Jean le cogió la mano, que notó cálida en medio de sus fríos pensamientos. Habían llegado a la orilla y las otras muchachas se desprendían del sobrevestido.

—Jean —pronunció tan bajo que el viento se llevó su tono lastimero—. Te quiero, hermana.

—¡No utilizarás uno de tus viejos trucos para librarte de un baño! —Rio su hermana antes de quitarse el vestido y quedarse con la camisola. En un segundo siguió a las demás a las frías aguas del mar—. ¡No puedes echarte atrás, Katherine! —gritó Jean con fuerza para que la brisa no se llevara sus palabras.

Sin querer, su hermana pequeña animó sus débiles fuerzas con ese grito antes de sumergirse en las olas. No había vuelta atrás, al fin y al cabo, Hugh la llevaría a su castillo, lejos de ellos, y no era probable que le dejara visitarlos. Siempre había sido una buena hija, obediente, jamás una queja había salido de su boca. Había rogado a su padre, suplicado, pero él lo había achacado a un capricho fruto todo de su invención.

 

Capítulo 4

 

 

 

 

 

Una vez que estuvieron todas en el agua, Katherine aprovechó la oscuridad que le proporcionaban algunas nubes en torno a la luna y fue apartándose de los juegos de las otras, miró una última vez a su hermana para guardar el recuerdo de su rostro cubierto de pecas, su cabello pelirrojo pegado a la cara, y se hundió en el agua. La bahía de Morecambe, separada la larga playa en dos mitades por las rocas a las que se dirigiría, no tenía excesivo oleaje en esa época del año, y pretendía nadar hasta ellas con cierta facilidad. Mientras buceaba brazada a brazada bajo las frías aguas del mar del Irlanda, el que separaba Inglaterra de la otra isla, intentó no distraerse.
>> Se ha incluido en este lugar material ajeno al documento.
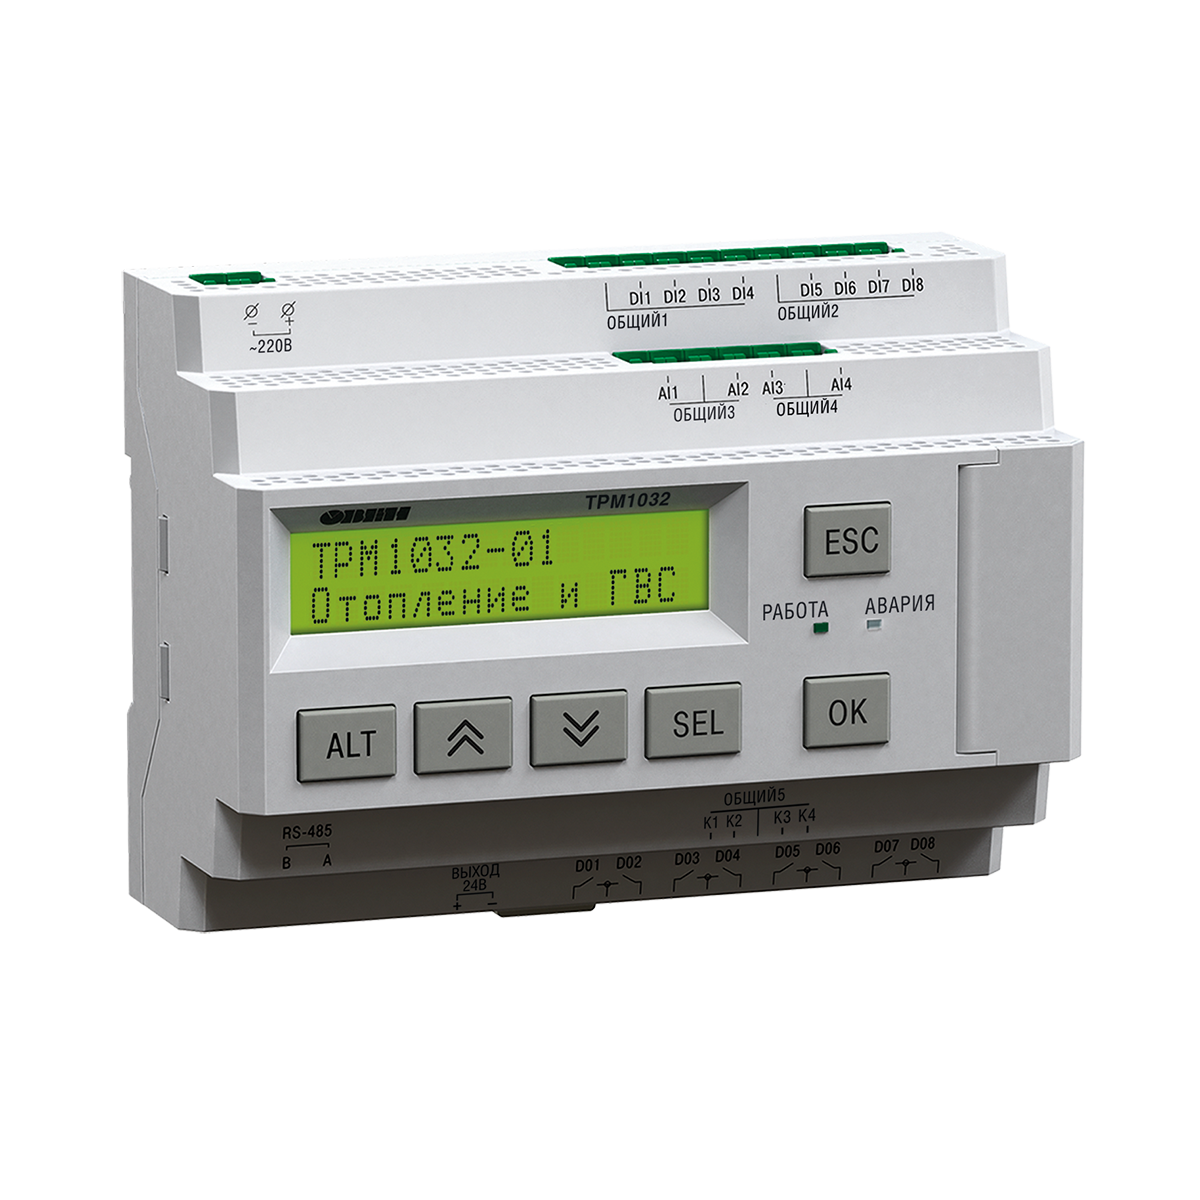 ТРМ1032М-01.30.У – устройство с готовой логикой для автоматизации контуров отопления и ГВС в ИТП/ЦТП.

Conocía aquella parte de la costa de memoria y la corriente debería ayudarla a llegar hasta las rocas. Tomó el aire justo, obligándose a no volver la vista atrás, y siguió nadando con los brazos y las piernas ya entumecidos. Sacó la cabeza para respirar cuando ya no pudo más y sonrió; estaba cerca. Con cuidado rodeó por el agua las rocas con ambas manos frenando la fuerza con que el mar la empujaba contra la dura superficie. Tras un tiempo que se le hizo demasiado largo, lo consiguió. Exhausta, con las manos llenas de arañazos y heridas que ardían por la sal del agua. Segura de estar al otro lado de la playa, donde ya no la veían, alcanzó la orilla casi arrastrándose y se escondió entre las piedras llenas de espuma. Suspiró al encontrar su bolsa con la ropa aún seca y se permitió el lujo de mirar al cielo cuajado de estrellas y sonreír. Se sentía afortunada. Pero no se podía confiar, debía vestirse y alejarse del castillo. En cuanto Jean saliera del agua y confirmaran que no estaba tampoco entre las hogueras de la playa, saldrían en su busca con los caballeros de su padre, los perros y los aldeanos.
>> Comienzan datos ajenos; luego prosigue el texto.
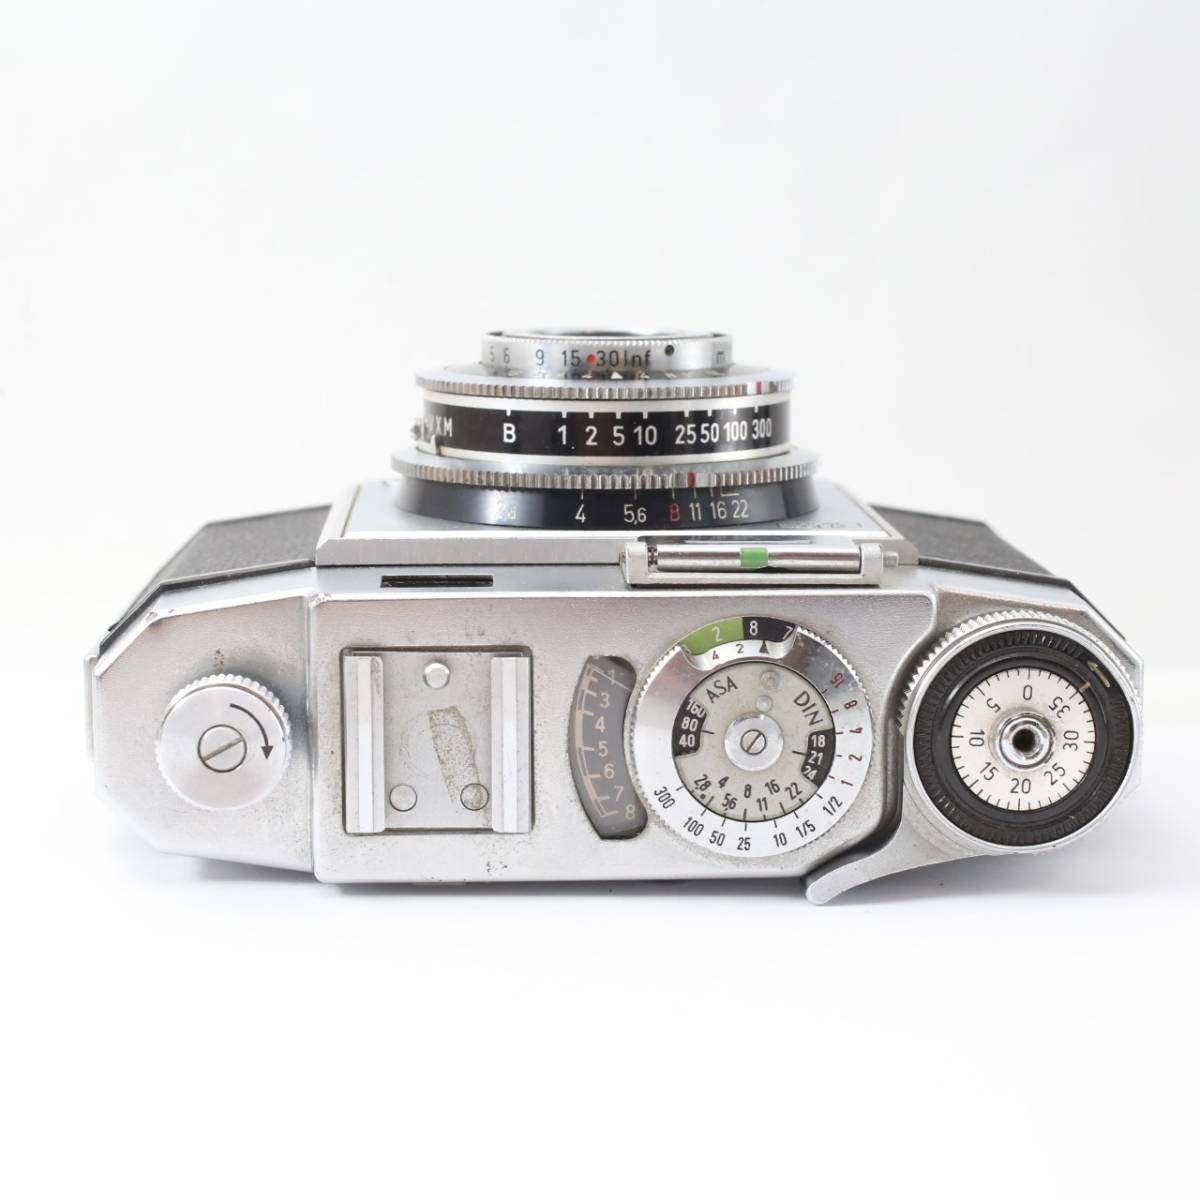 ZEISS IKON 45mm F2.8 film camera (S517)

Un sonido atrajo su atención, un leve chapoteo en la orilla y la conversación de unos hombres. No esperaba encontrarse a nadie en aquella playa donde las corrientes, si no se conocían, podían arrastrar a un hombre a la muerte. Ni siquiera había arena fina, sino gravilla negra, por lo que casi nadie, excepto los pescadores de la mañana, se aventuraban a ir, y menos de noche. Por eso había elegido aquel lugar como punto de partida para escapar del castillo.

Katherine caminó agachada entre las rocas y observó la orilla bajo la luz de la luna. Apenas a unos metros había un grupo de hombres, unos salían del agua y otros esperaban sentados al resto. Los observó calzar sus botas y colocar los cinturones de sus espadas. Katherine decidió esperar a que se marcharan, ahora no podía arriesgarse a que la vieran, se cambió como pudo entre la humedad de las piedras y esperó, contando los minutos. Oía las risas de los hombres y algunas chanzas sobre el castillo y las mujeres, pero su voz no se oía clara debido a la brisa entre los riscos. Las conversaciones empezaron a alejarse y se arriesgó a levantar la cabeza. Quedaban tan solo dos hombres, uno de ellos se vestía ya; otro salió completamente desnudo del agua.